Forgot to say, her name is Lucinda (I call her Lucy).


----------



## Auntie Crazy (Dec 10, 2006)

Absolutely adorable. And huge kudos to you for opening your hearts and your home to her. :love2 :love2 :love2

AC


----------



## MowMow (Nov 6, 2010)

What a cutie!


----------



## 6cats4me (Apr 30, 2011)

She is adorable! How wonderful that you opened up your heart and home to this little girl in need.


----------



## Meezer_lover (Apr 19, 2011)

What a cutie. Poor thing....tortured? WTF.
There are way too many people in this world that shouldn't have kids or pets.


----------



## Nan (Oct 11, 2010)

Bless you for taking her in She's beautiful.


----------



## konstargirl (Feb 4, 2011)

How cute is she. Thank you for saving her.


----------



## OctoberinMaine (Sep 12, 2006)

Congratulations on the new addition, and I'm so glad to hear you got her away from the man and his dog. Hearing that kind of thing makes my stomach churn.

She's really adorable!


----------



## cd07 (May 1, 2011)

Adorable!

How terrible that someone could treat a kitten so horrible...


----------



## princessbear (May 19, 2011)

OMG she is beautiful! I love her coloring/markings. God bless you for saving her.
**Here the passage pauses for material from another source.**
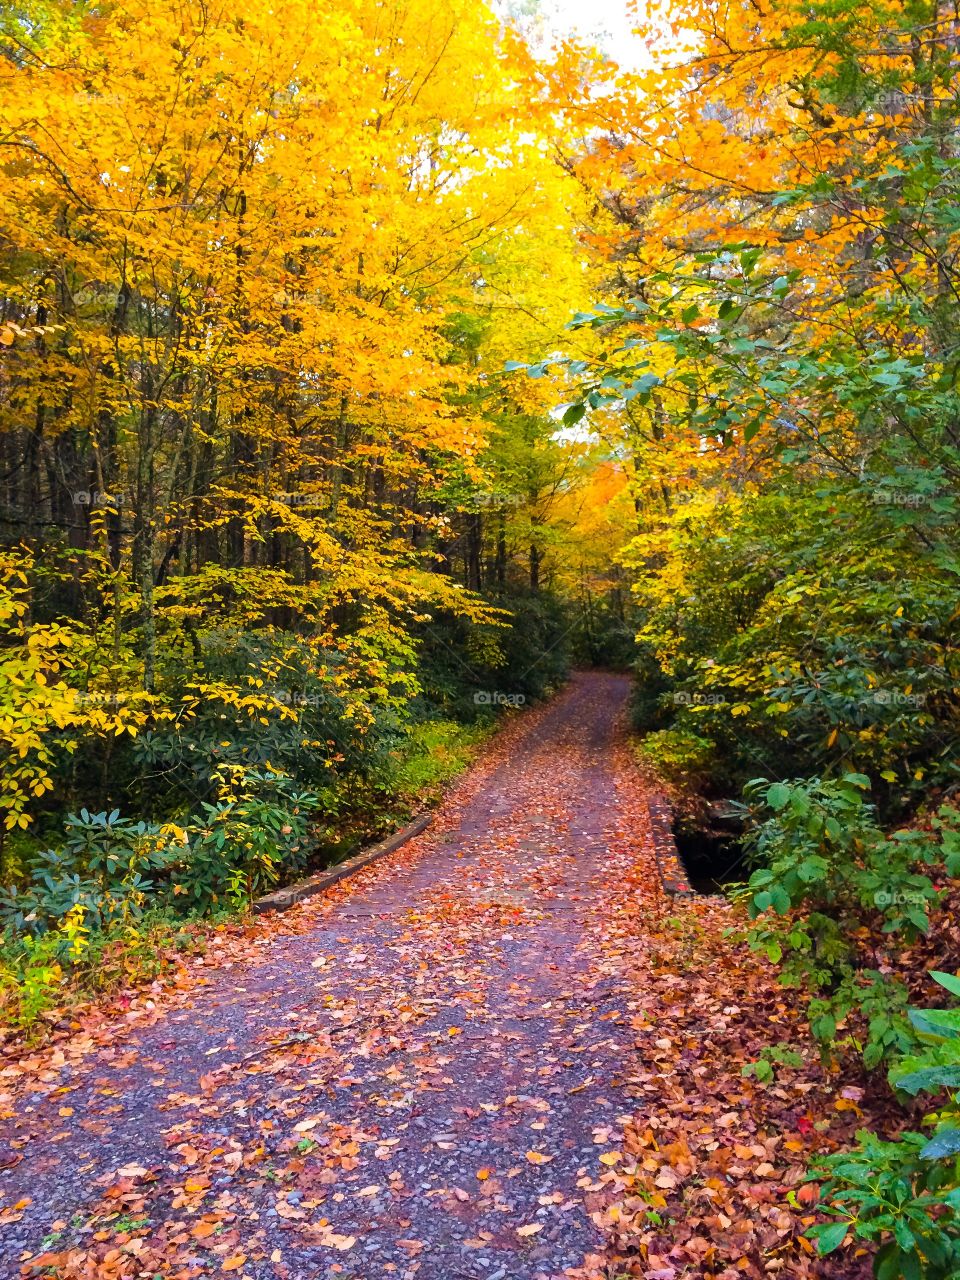 Walkway through autumn trees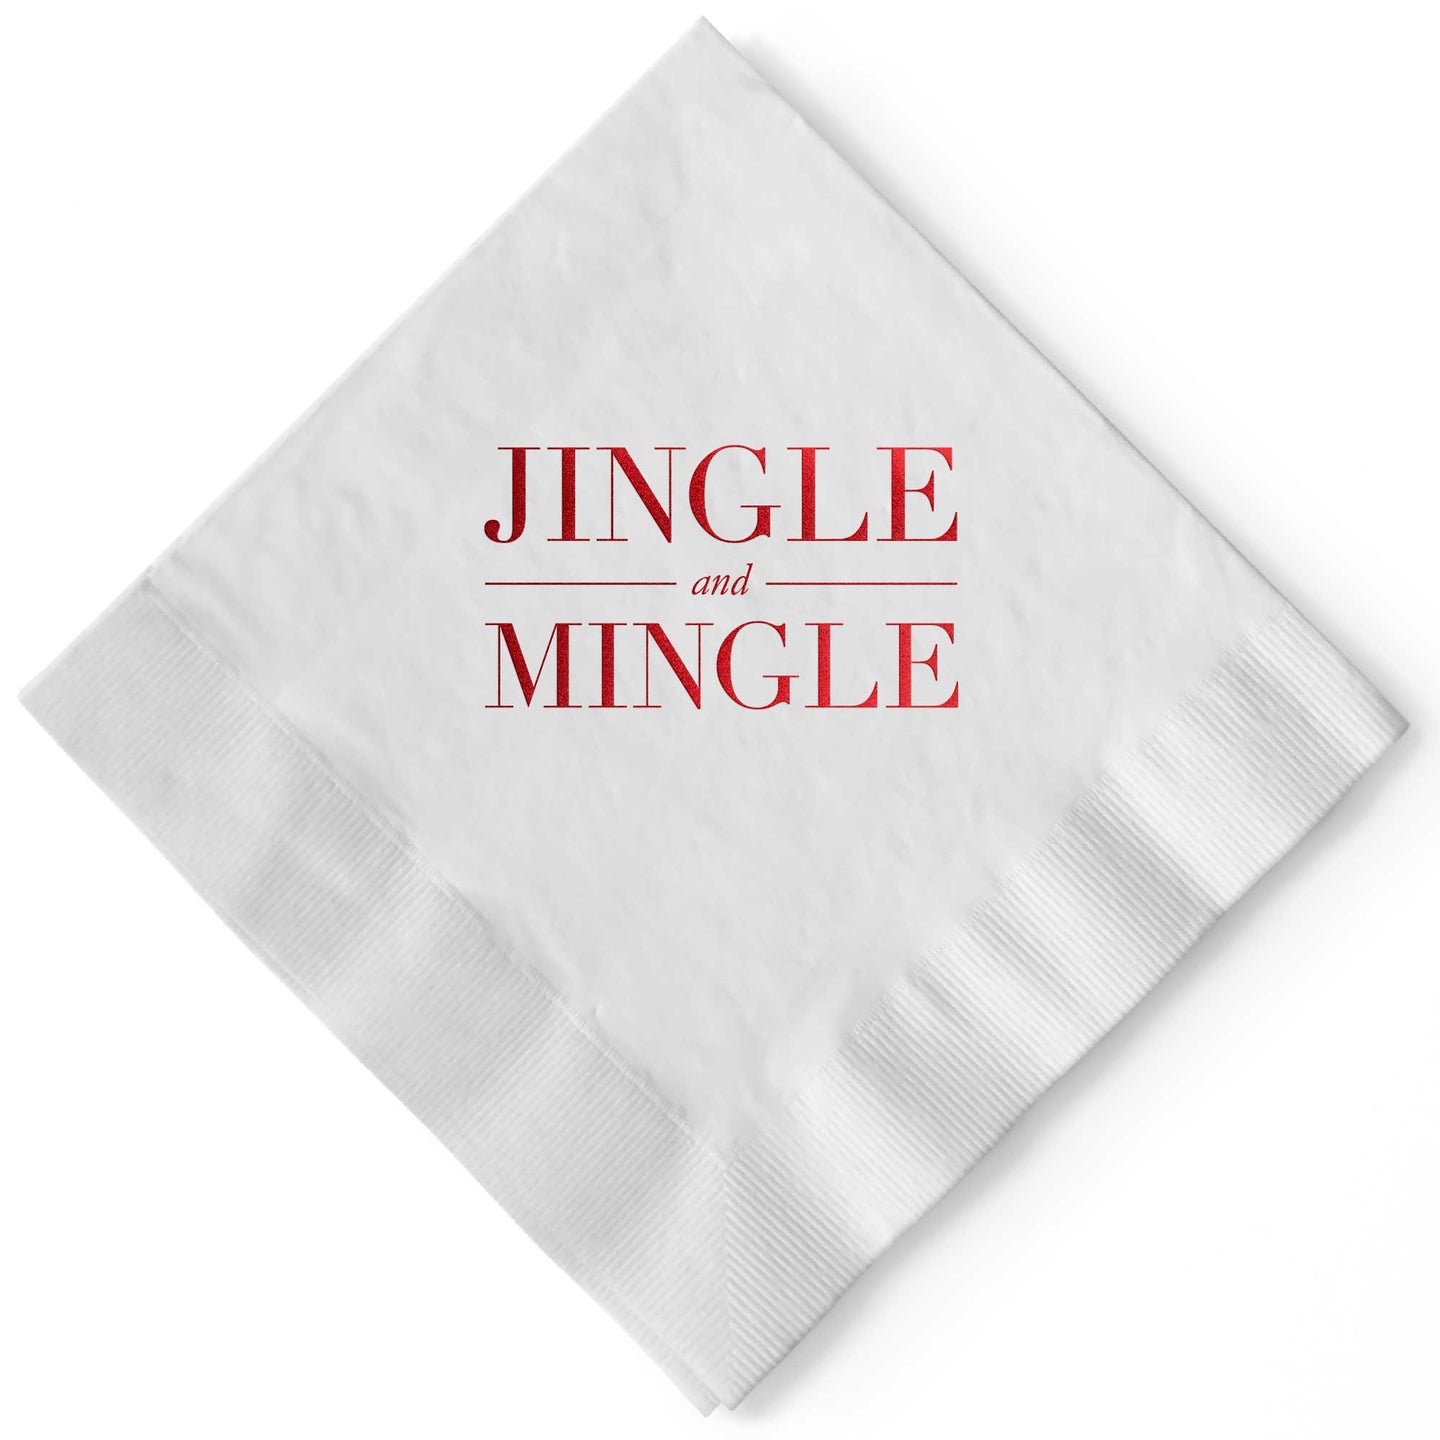 Jingle and Mingle White and Red Cocktail Napkins Christmas

Hope he isn't torturing the dog as well - did you report him for the kitten?


----------



## Jan Rebecca (Oct 14, 2010)

So glad you took her in - she's pretty - I love her eyes.


----------



## jusjim (Jun 30, 2009)

Beautiful little girl. Your husband's secretary did a wonderful thing.


----------



## Cierrakitty (Apr 24, 2010)

aw how could someone torture a cute face like that, let alone ANY animal. It's so sick. I'm just glad she had someone like you to come and rescue her


----------



## Natalie Jayne (Apr 21, 2011)

She is gorgeous, something terribly wrong with anyone who would torture and defenceless kitten. So glad she is ok now xo


----------